019. Create a Monitor Space Hazards data cache
Date: 2025-10-28
Status
Accepted
Context
Space-Track provides an API with strict rate limits, particularly when duplicate requests are counted. These limitations caused outages in MSH’s access to the Space-Track API.
To address this, the team developed a workaround to reduce API load by introducing a centralised data cache. The cache downloads data from the Space-Track API to Amazon S3, from which our servers—and any number of duplicated environments—can retrieve the data.
This approach allows us to completely bypass Space-Track’s rate limits for internal usage, provided the data cache itself adheres to those limits.
Decision
We chose Amazon S3 as the primary storage solution for the data cache, supported by AWS SNS, SQS, and DynamoDB for orchestration and configuration.
Reasons for Choosing S3
- Performance: S3 is fast and highly reliable.
- Scalability: It offers virtually unlimited storage.
- Cost-efficiency: Storage costs remain low, even at scale.
- Event-driven architecture: File uploads can trigger SNS notifications, eliminating the need for polling.
- Ease of management: Files can be viewed, copied, or deleted manually through the AWS Console.
AWS DynamoDB is used to store configuration data and simple statistics.
Alternatives Considered
- Aurora/RDS: Comparable performance but significantly more expensive.
- RabbitMQ/Kafka stack: Rejected due to higher complexity and cost, which were unjustified for this use case.
Implementation Overview
The data cache is produced by a FastAPI application that integrates four different data types from two API providers (Space-Track and ESA DISCOS).
Key features include:
- A custom cron-like scheduler that defines when data retrieval from Space-Track and ESA DISCOS is permitted.
- Strict enforcement of API rate limits (per minute, hour, and day).
- A global “kill switch” implemented via DynamoDB and AWS Console, allowing the fetching process to be paused or resumed per data source and data type (e.g. pausing only Space-Track TIPs).
Once data is stored in S3, an SNS notification is sent, triggering messages in an SQS queue.
Each environment subscribes to the queue and runs its own lightweight FastAPI consumer application that:
- Waits for new SQS messages,
- Retrieves the corresponding file from S3, and
- Processes it into a local database.
This consumer replaces the previous cron-controlled worker with a persistent, event-driven one.
Consequences
- Scalability: We can deploy an unlimited number of test environments without impacting Space-Track’s API.

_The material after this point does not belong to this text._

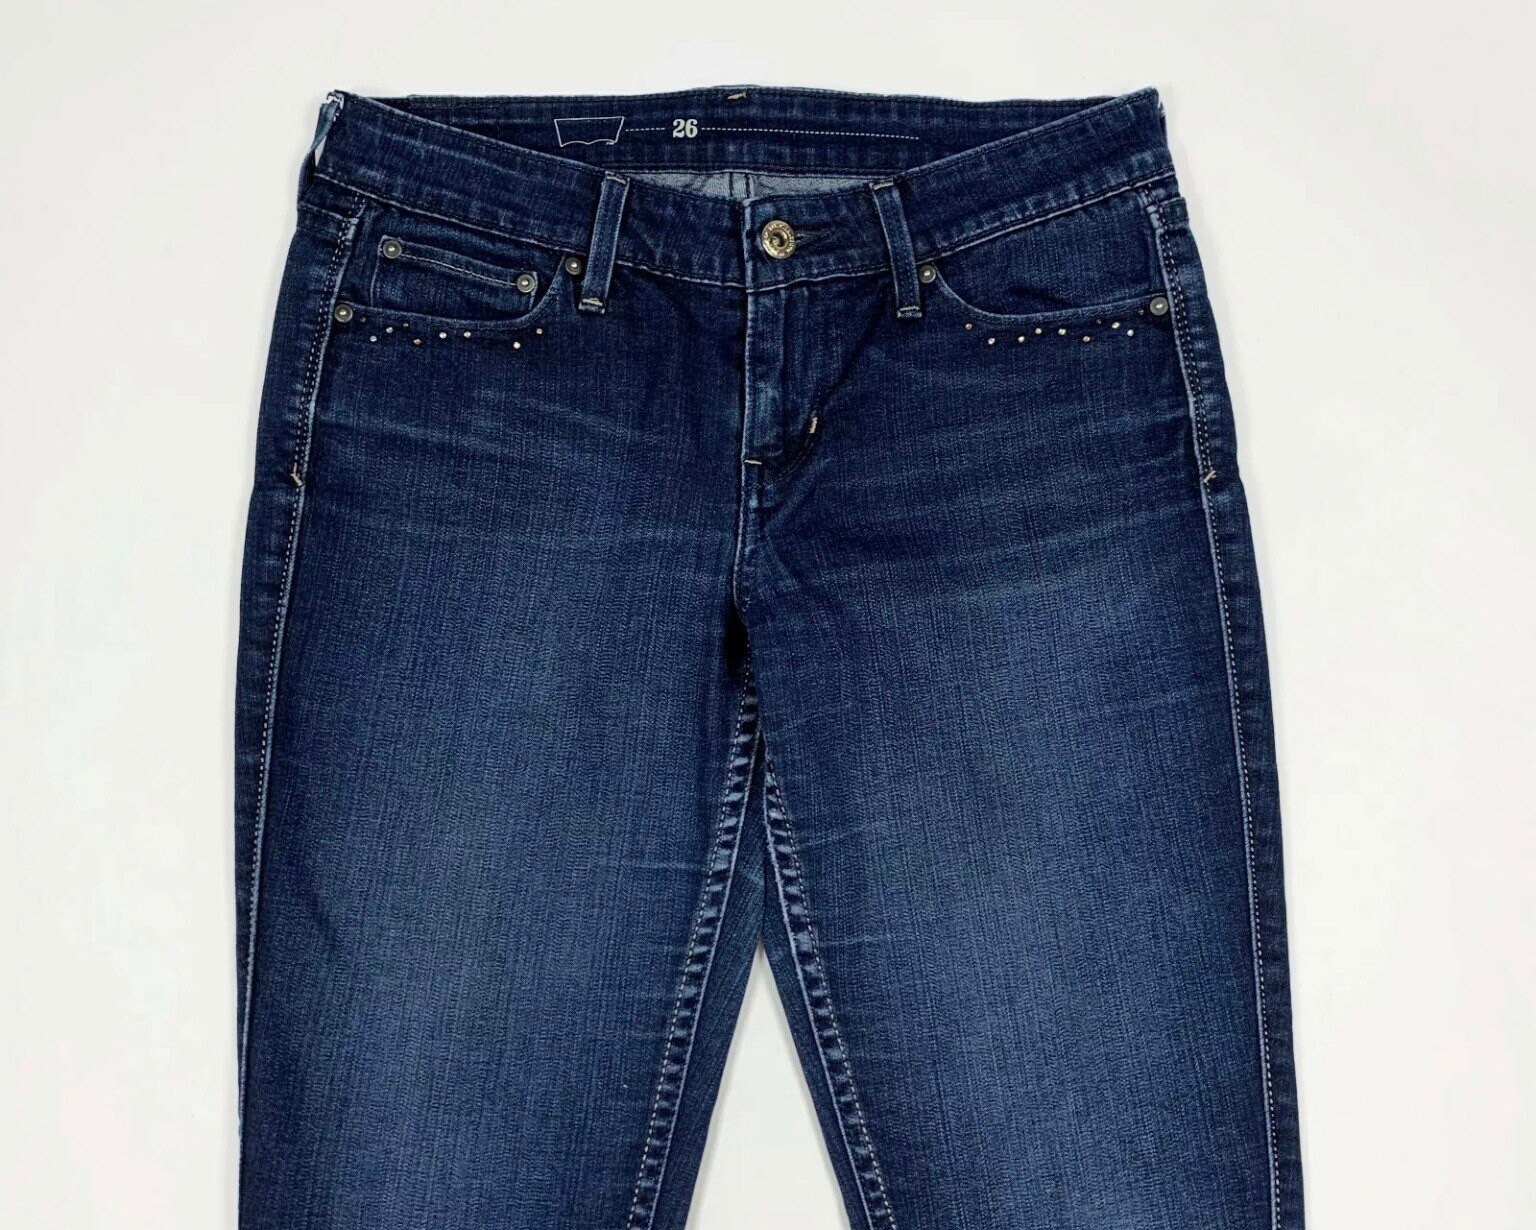 Jeans Donna con Cerniera Posteriore Pantaloni Skinny in Denim Elasticizzato con Cerniera Posteriore Pantaloni in Denim a Vita Alta con Tasche

- Centralisation: All data fetching is centralised, allowing for easier integration of additional data sources in the future.
- Data ownership: We maintain local copies of all relevant data (e.g. CDMs, TIPs) and can provide it directly to UKSA without external limitations.
- Efficiency: The ingestion process is now faster and more reliable - data can be available in MSH within as little as two hours after appearing on the Space-Track website.
- Resilience: The system is more robust to API outages and rate limit constraints.